**What the task asks:**
Retype, word for word, only the lines from the one containing "AMD Radeon RX" through the last line of the listing below. Pictures do not belong in the result.

**Supplied information:**

--- --- ---

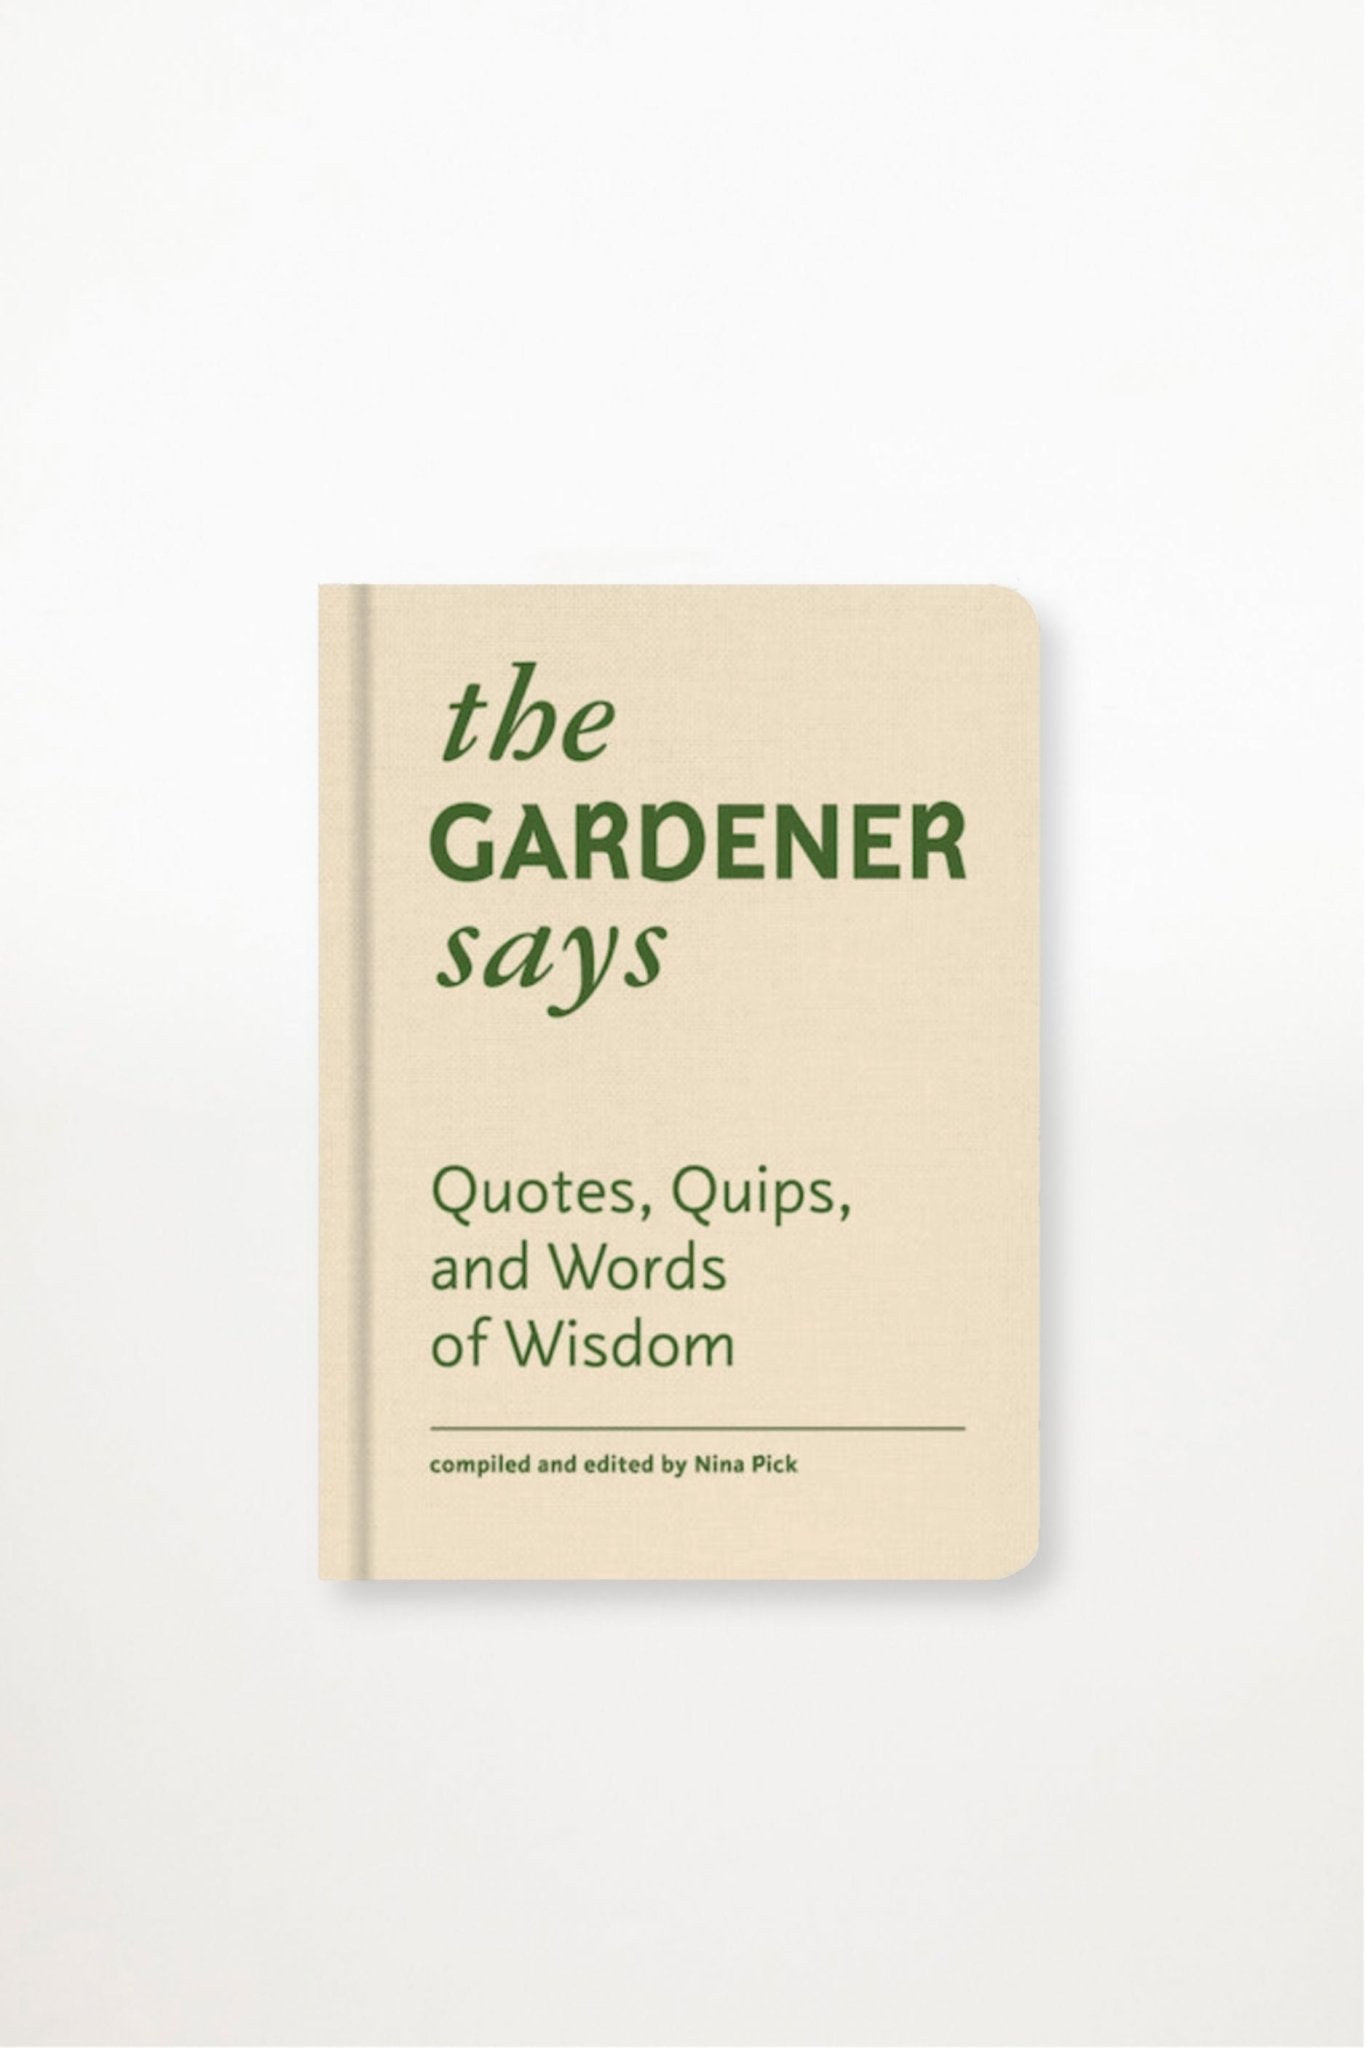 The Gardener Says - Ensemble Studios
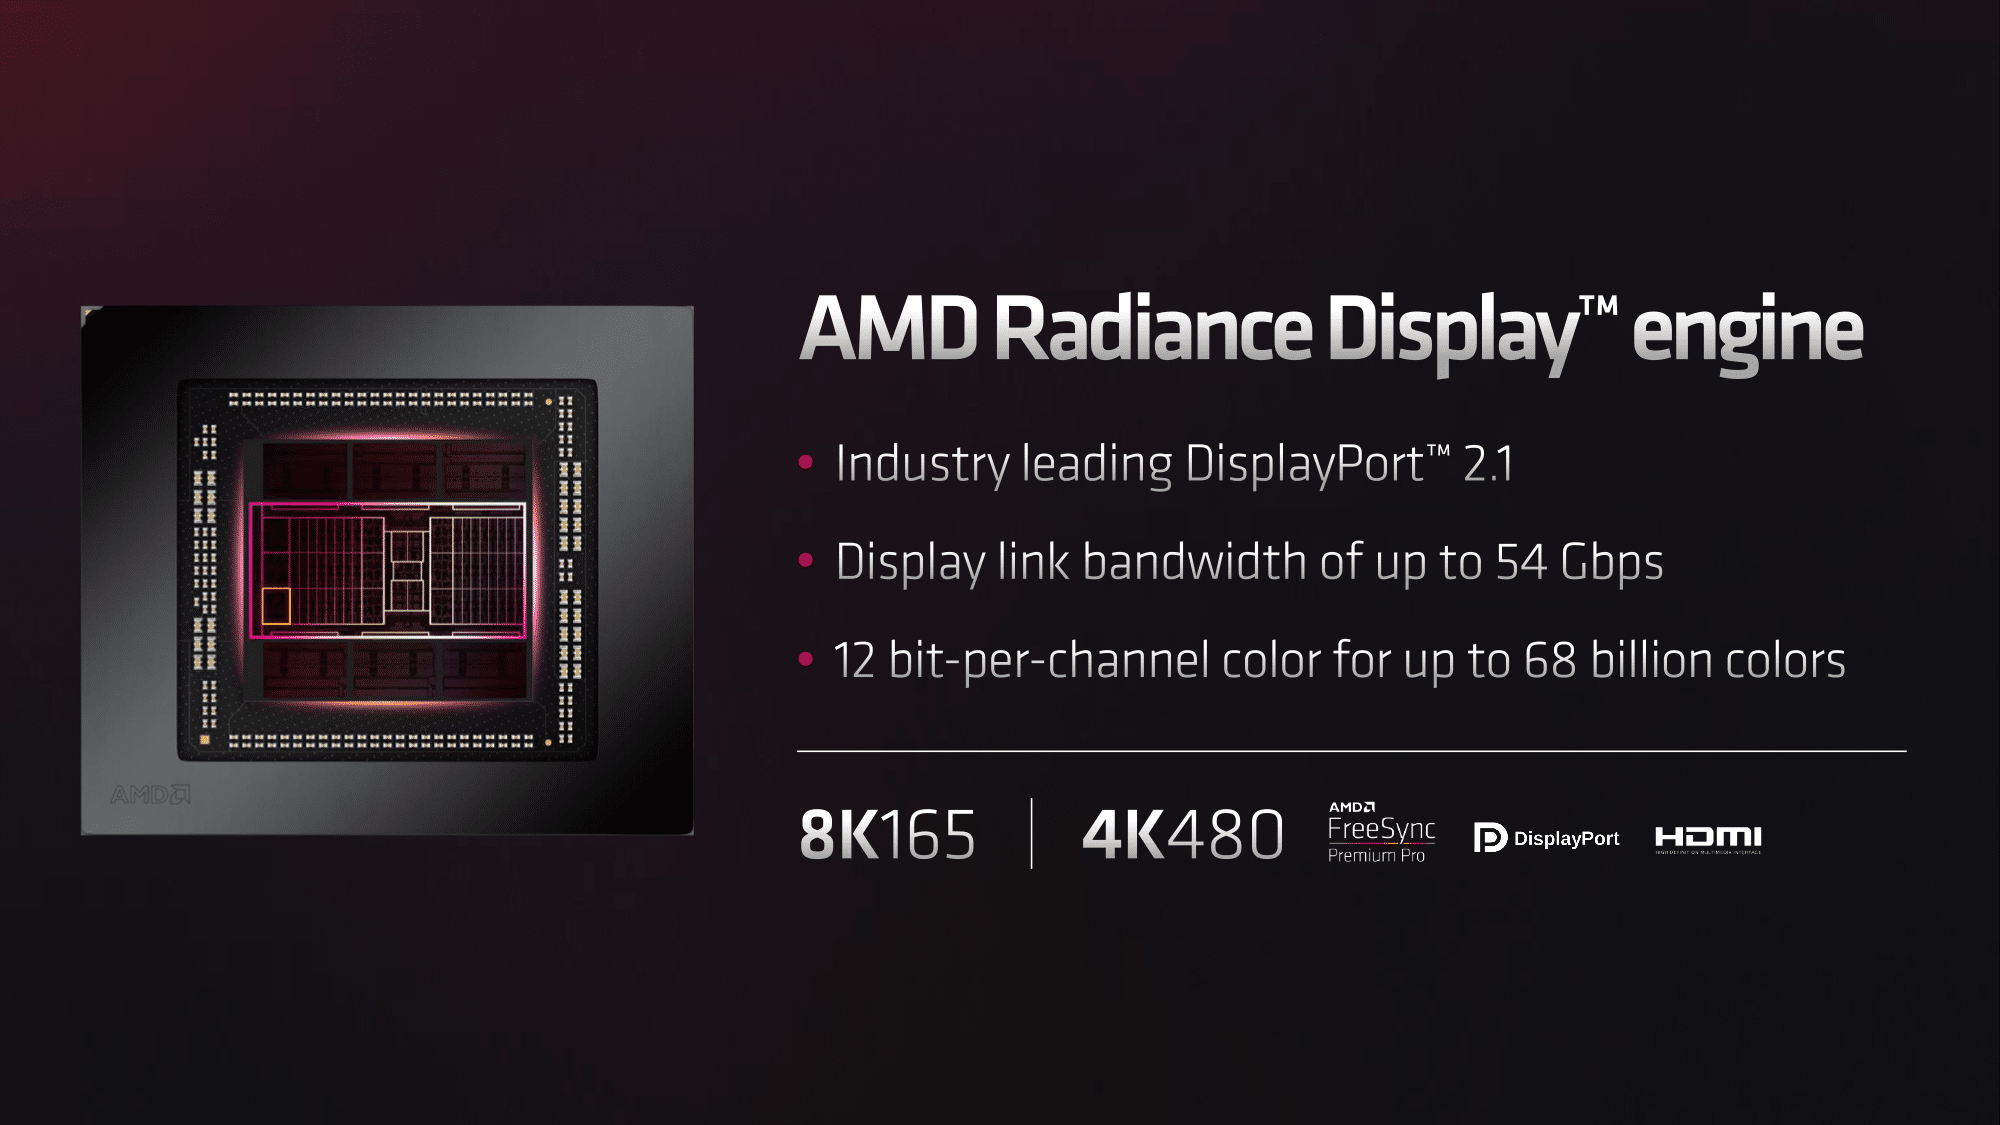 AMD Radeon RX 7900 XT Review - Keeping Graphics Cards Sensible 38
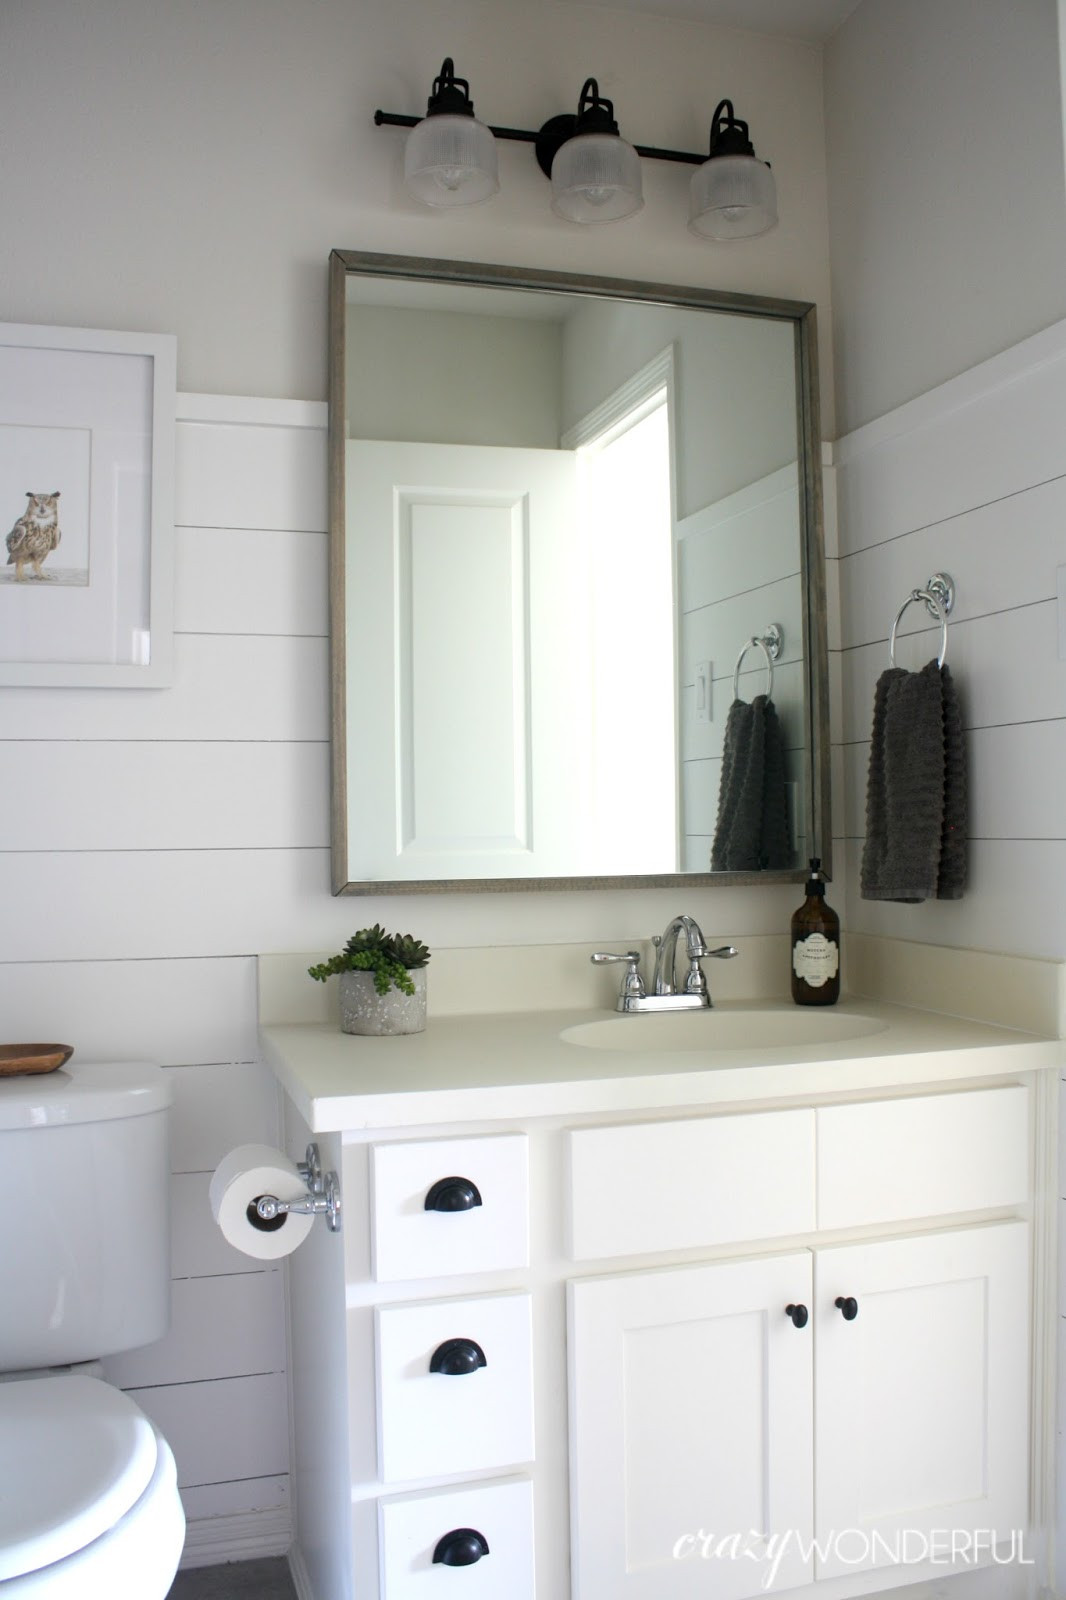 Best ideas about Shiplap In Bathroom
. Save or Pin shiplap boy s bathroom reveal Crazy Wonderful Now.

--- --- ---

**Your solution:**
 AMD Radeon RX 7900 XT Review - Keeping Graphics Cards Sensible 38
 Best ideas about Shiplap In Bathroom
. Save or Pin shiplap boy s bathroom reveal Crazy Wonderful Now.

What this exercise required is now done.